## WORK REQUEST
For the entries below, the expected answer is the line with "Water Hyacinth Storage", the line with "INDIAN WALKING STICK WITH SILVER", and every line between them, exactly as written, and nothing more.

## GIVEN ENTRIES
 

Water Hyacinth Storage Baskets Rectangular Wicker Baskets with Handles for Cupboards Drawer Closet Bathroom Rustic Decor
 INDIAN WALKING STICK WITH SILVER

...

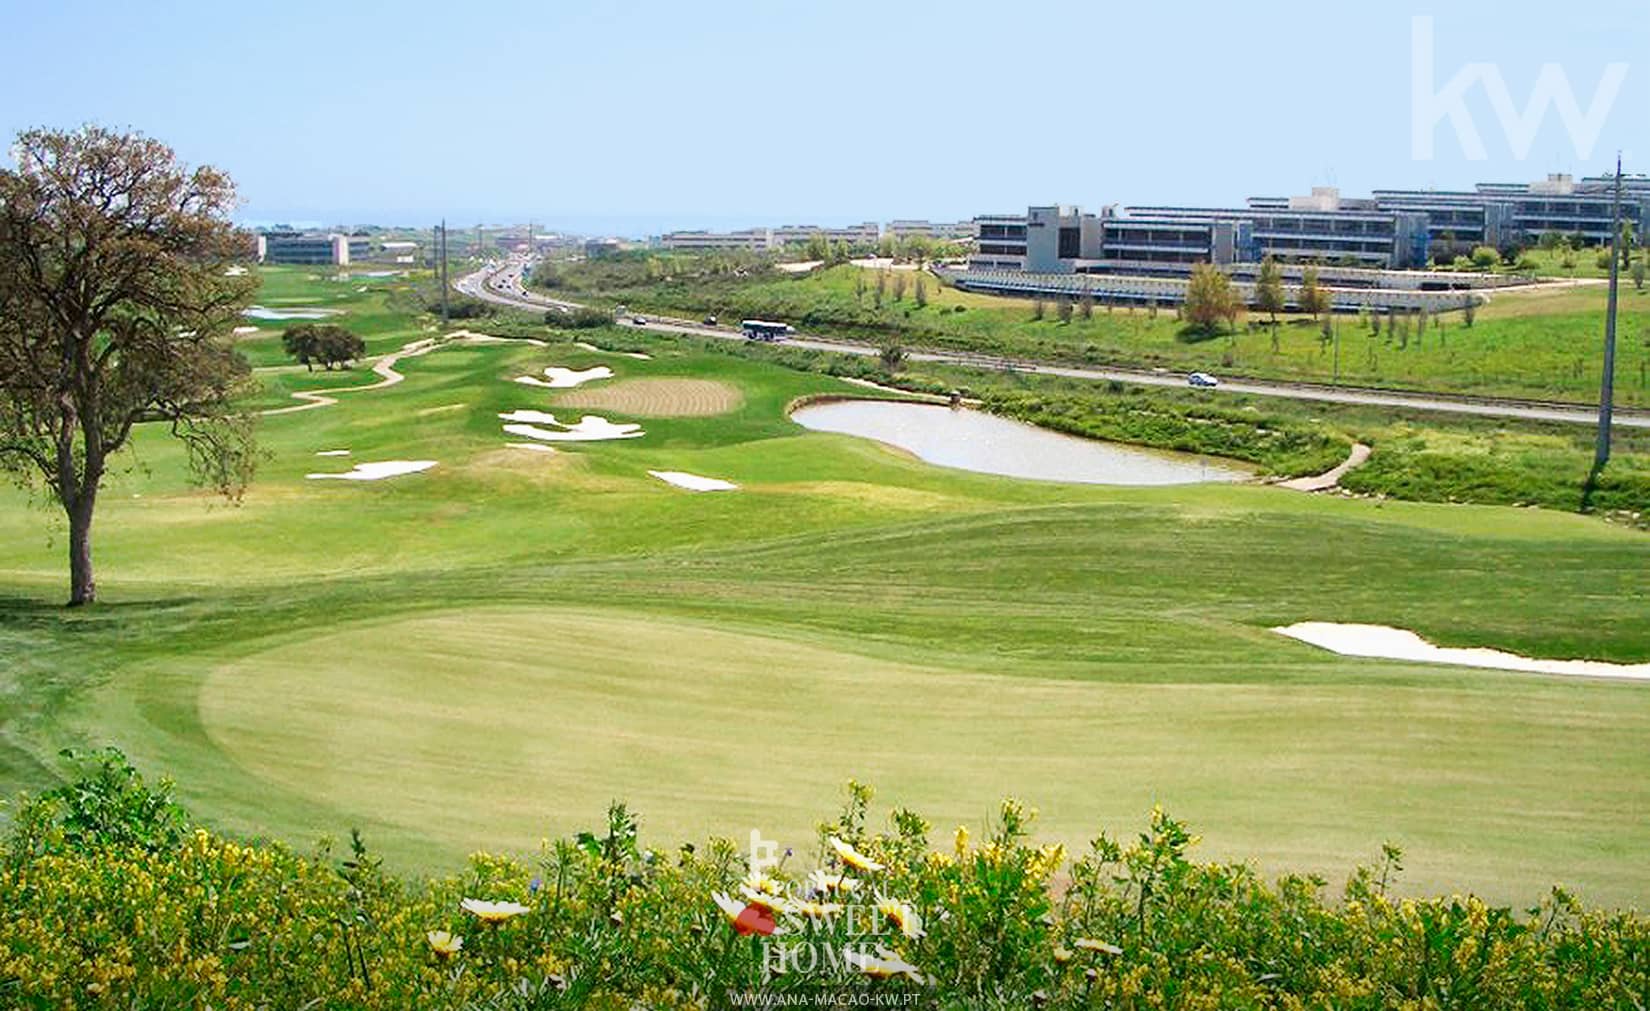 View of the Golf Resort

--

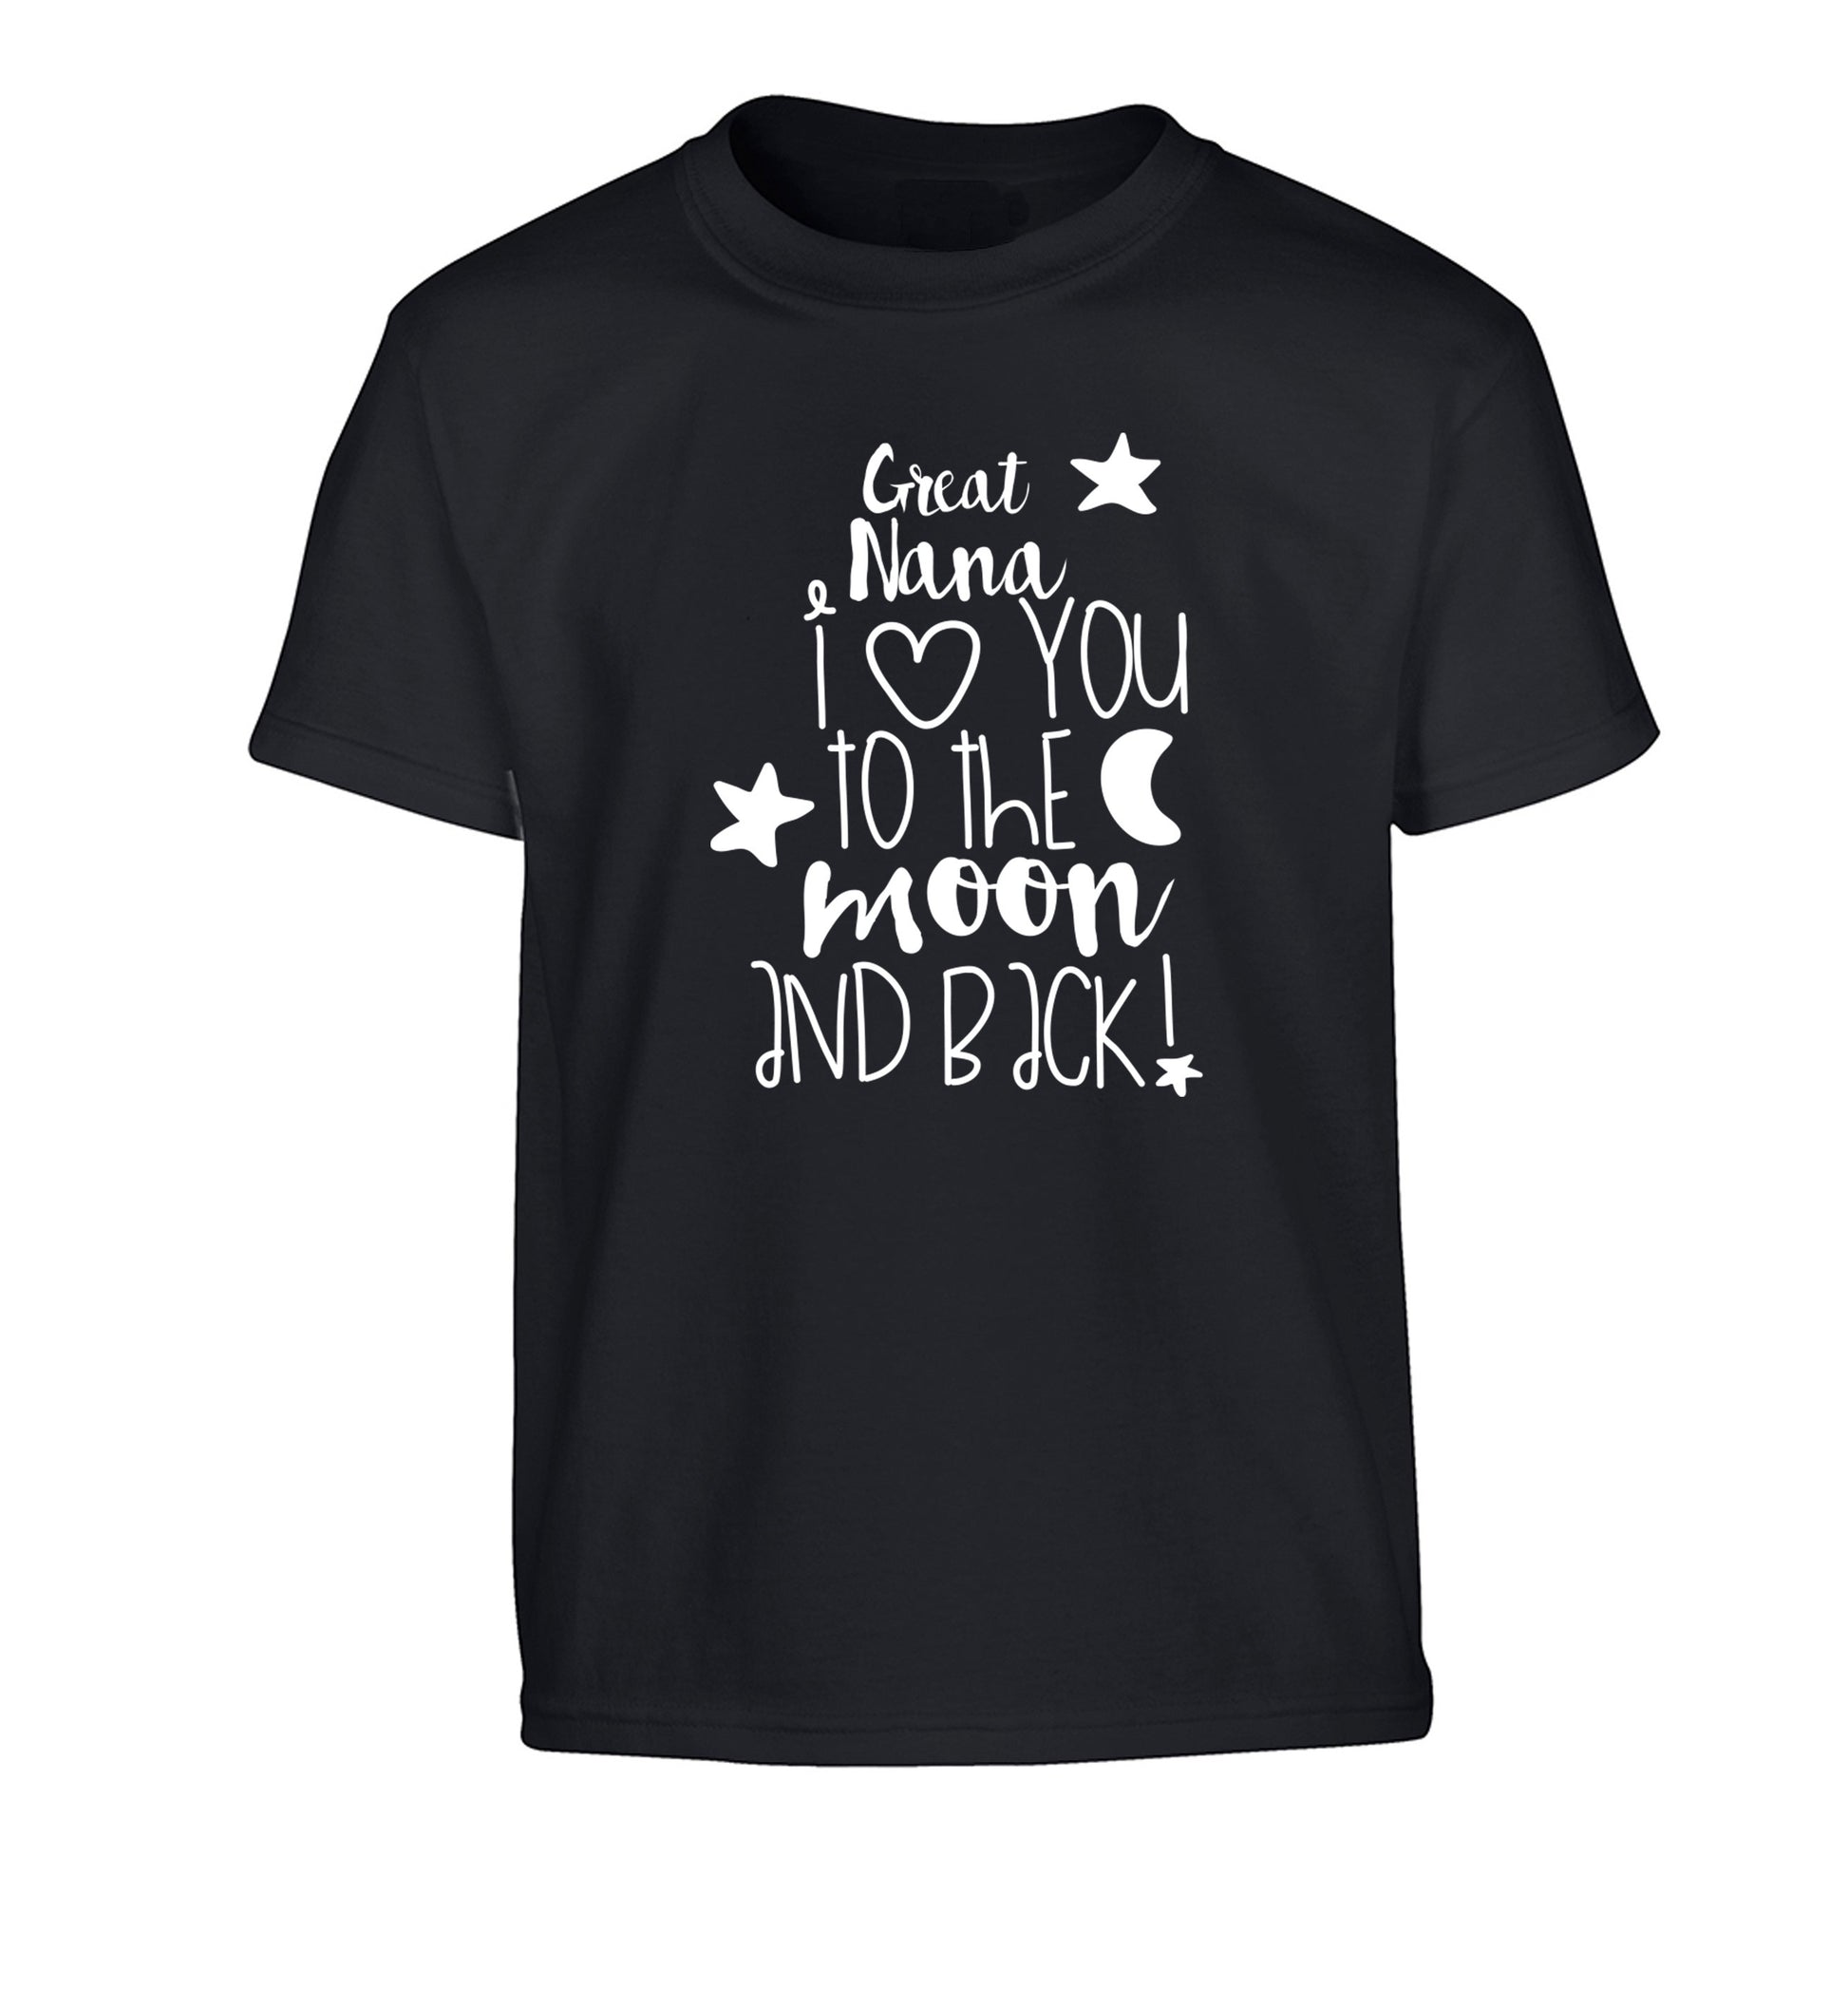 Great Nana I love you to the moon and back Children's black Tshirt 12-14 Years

## ANSWER SECTION
Water Hyacinth Storage Baskets Rectangular Wicker Baskets with Handles for Cupboards Drawer Closet Bathroom Rustic Decor
 INDIAN WALKING STICK WITH SILVER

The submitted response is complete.